It's odd reasoning for sure. Hopefully your inspector listens to a rational argument if he initially fails this or states that you simply can't share these receptacles with the SABC.


----------



## Pete m. (Nov 19, 2011)

donniet1977 said:


> It actually will serve the countertop. Think cell phone charging on countertop. I guess the overhang is just too big to count as a required receptacle but the majority opinion seems to be that it not counting as a required peninsula receptacle does not mean that it is not allowed to be there.


I, nor Dennis, ever said it was not permitted to "be there". But, according to the NEC, and *not* my personal opinion, it could not be counted as serving the countertop and the fact that it is in the living room area it cannot be fed by a SABC.

Pete


----------



## svh19044 (Jul 1, 2008)

It is in and on the peninsula/island. Where people are eating. As in an eat in kitchen. It is not serving the living room.
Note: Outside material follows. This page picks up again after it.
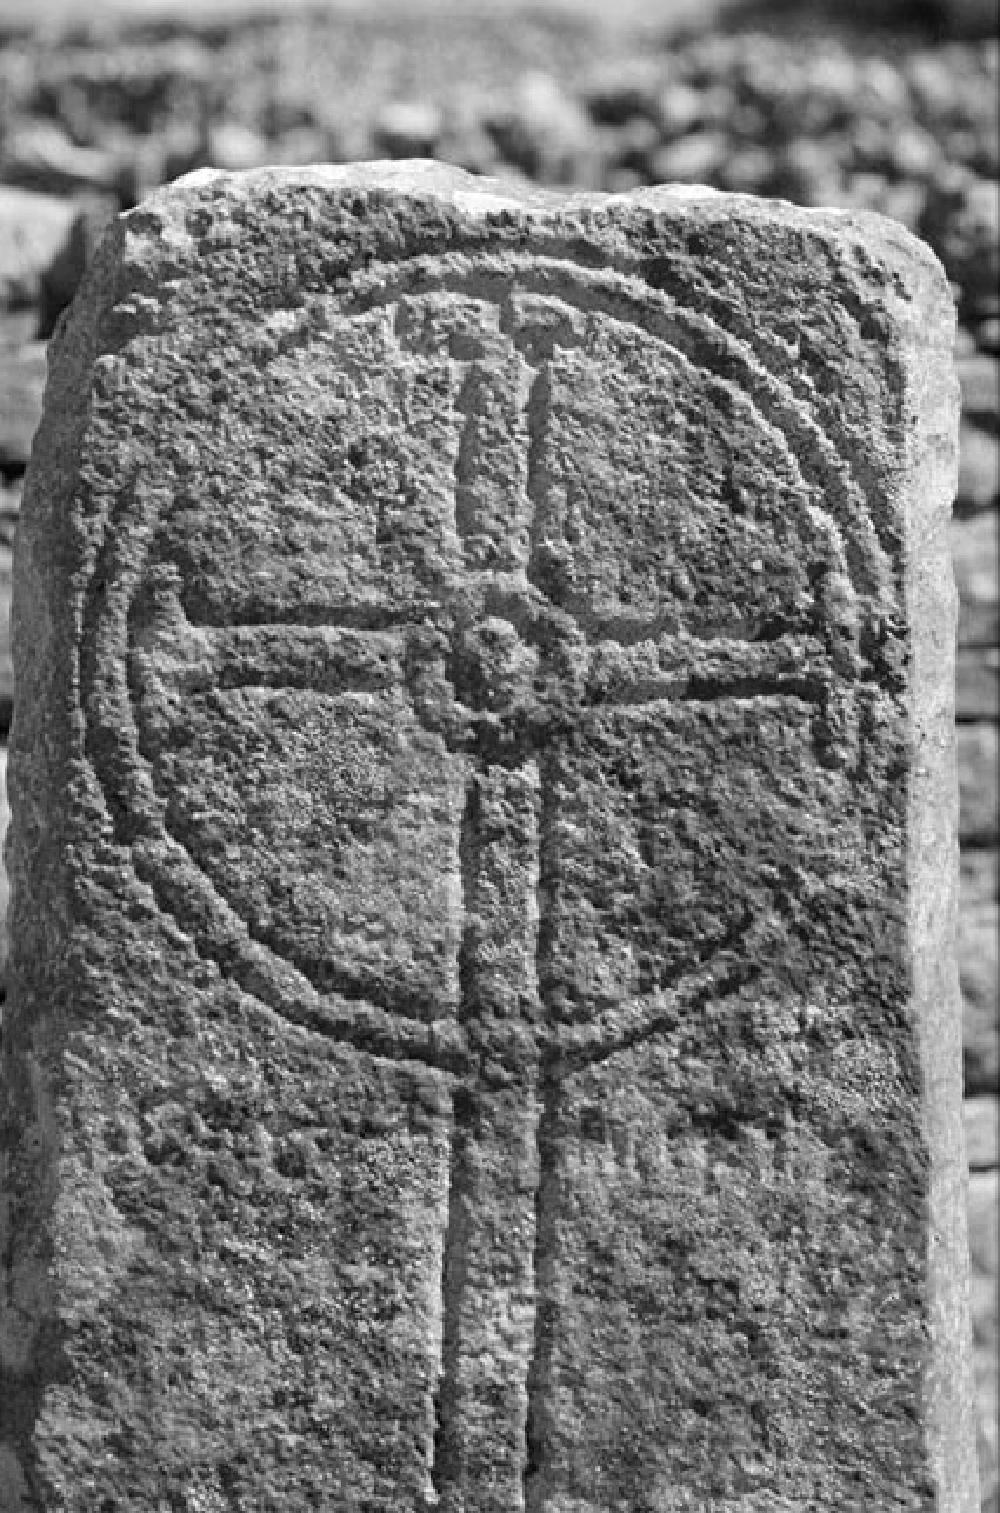 Headstone, Aran Islands, Co. Galway

It is not on some random wall inside the living room. According to the *NEC*, a peninsula or island does not need any receptacles to feed the living room.
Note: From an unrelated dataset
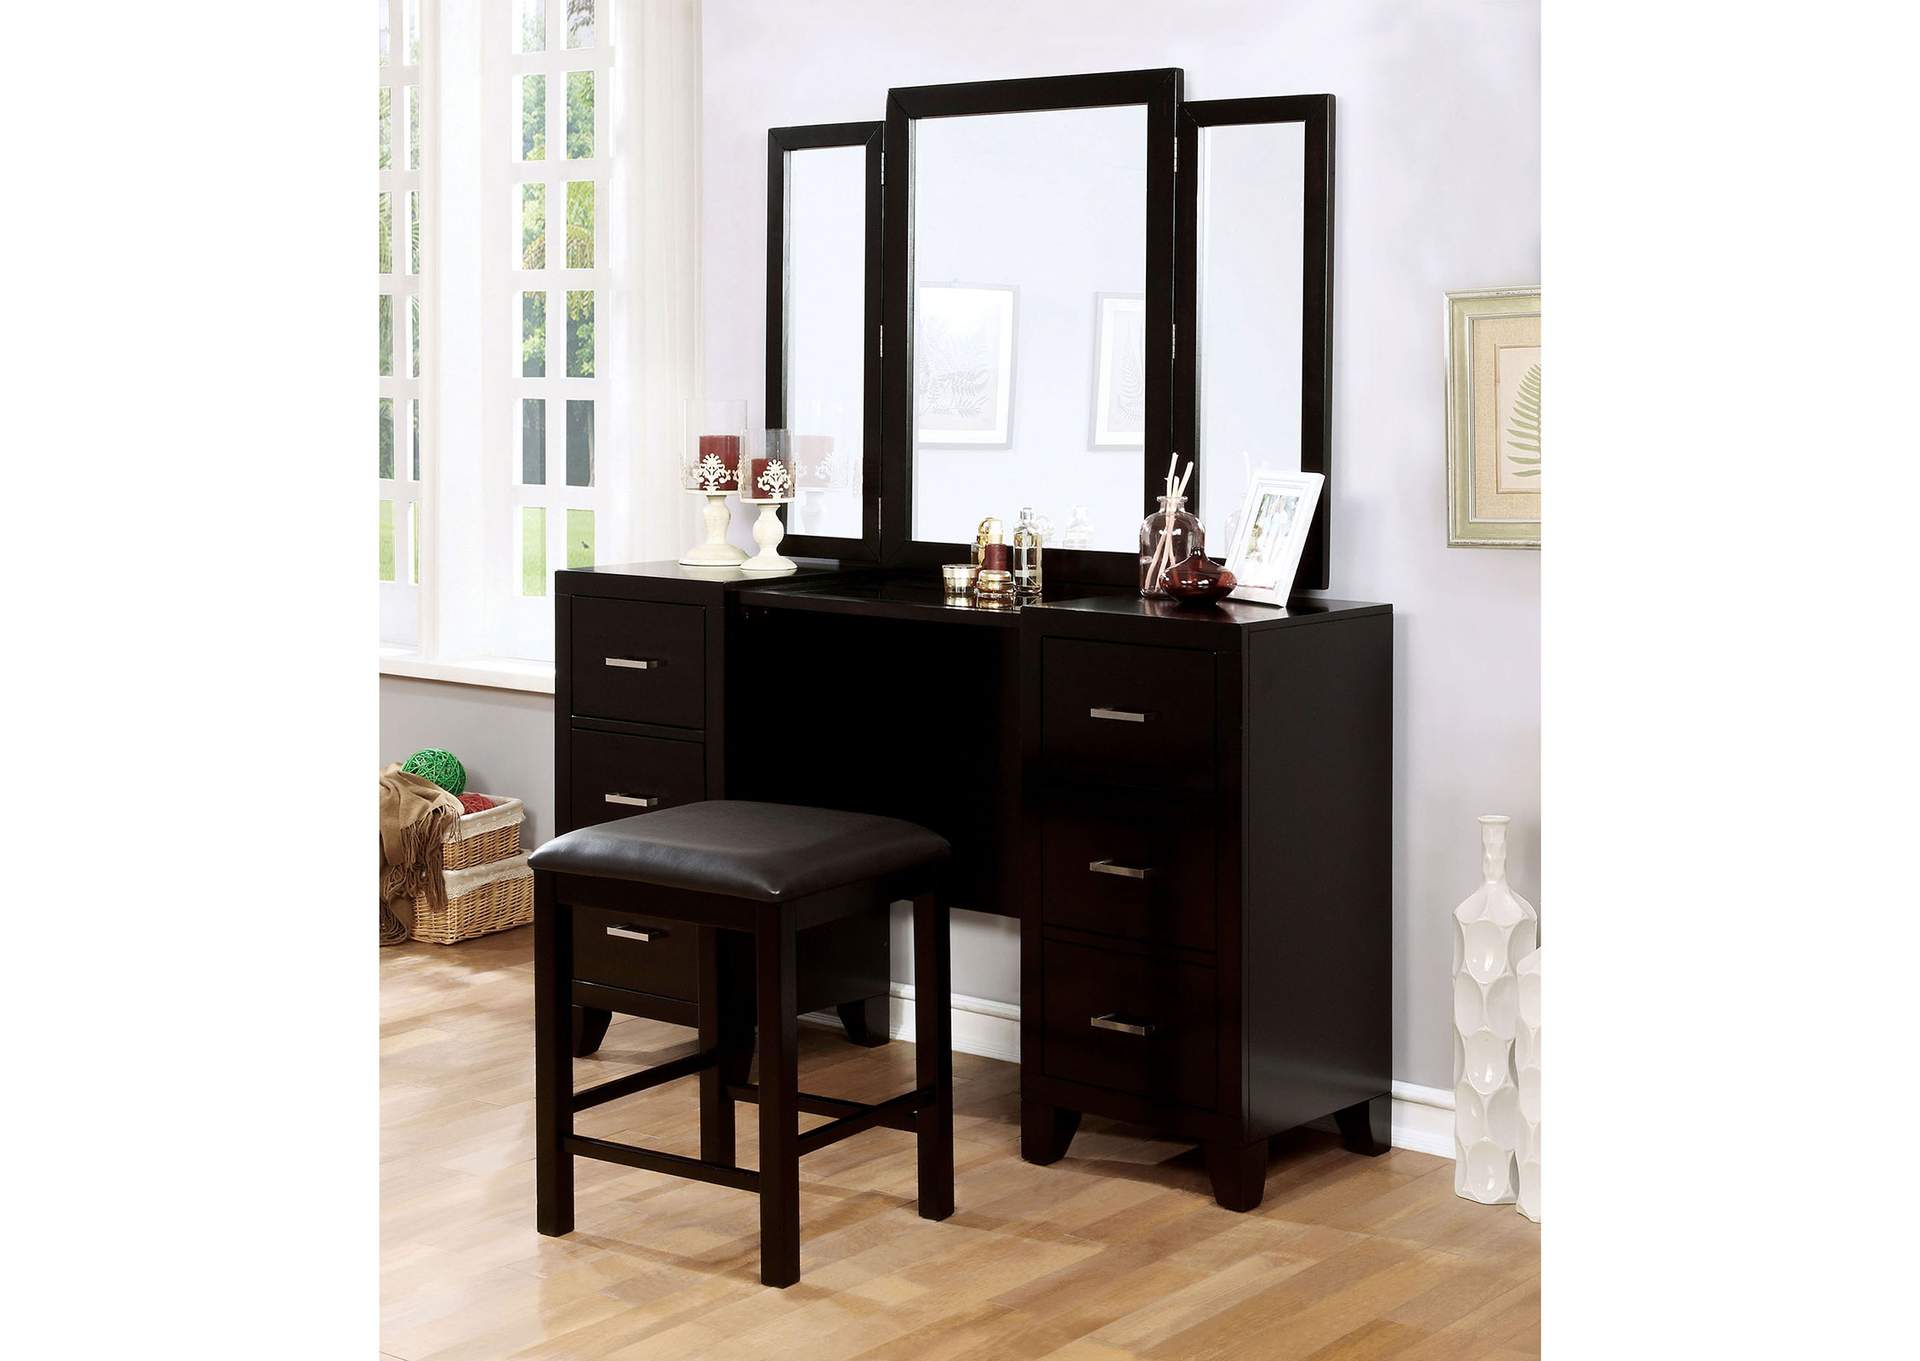 black vanity dresser

Actually serving the countertop per NEC is a horrible argument being that you can have standard wall height receptacles on the SABC.

It is your opinion that it is in the living room. It is fact that it is located on the island/peninsula as part of the kitchen.


----------



## Pete m. (Nov 19, 2011)

svh19044 said:


> Regardless, a SABC does not have to serve the countertop anyway.


If the countertop is in the living room then we agree. If, however, the countertop is in a kitchen we don't.





> Put a small desk in the kitchen, put a couple USB receptacles under the desk at standard wall recep height, and yep, they can be on the SABC.


Yep, they can.. ONLY because they are in the kitchen. 




> Or have a couple receps along the exterior open perimeter wall. Good to go. Or the entire dining room.


Again, we agree.



> But apparently some inspectors are of the opinion that because they face a living room, even though they are located on a peninsula with bar stools, they can't be on the SABC.


The only inspectors that I know which would think like this are ones who actually read and understand the code as written.



> Somehow that side of the peninsula is no longer part of the kitchen (again, because it faces the living room, forgetting that it is a bar/eat in kitchen).


The "somehow" is found right in the NEC... seriously I'm not making this stuff up!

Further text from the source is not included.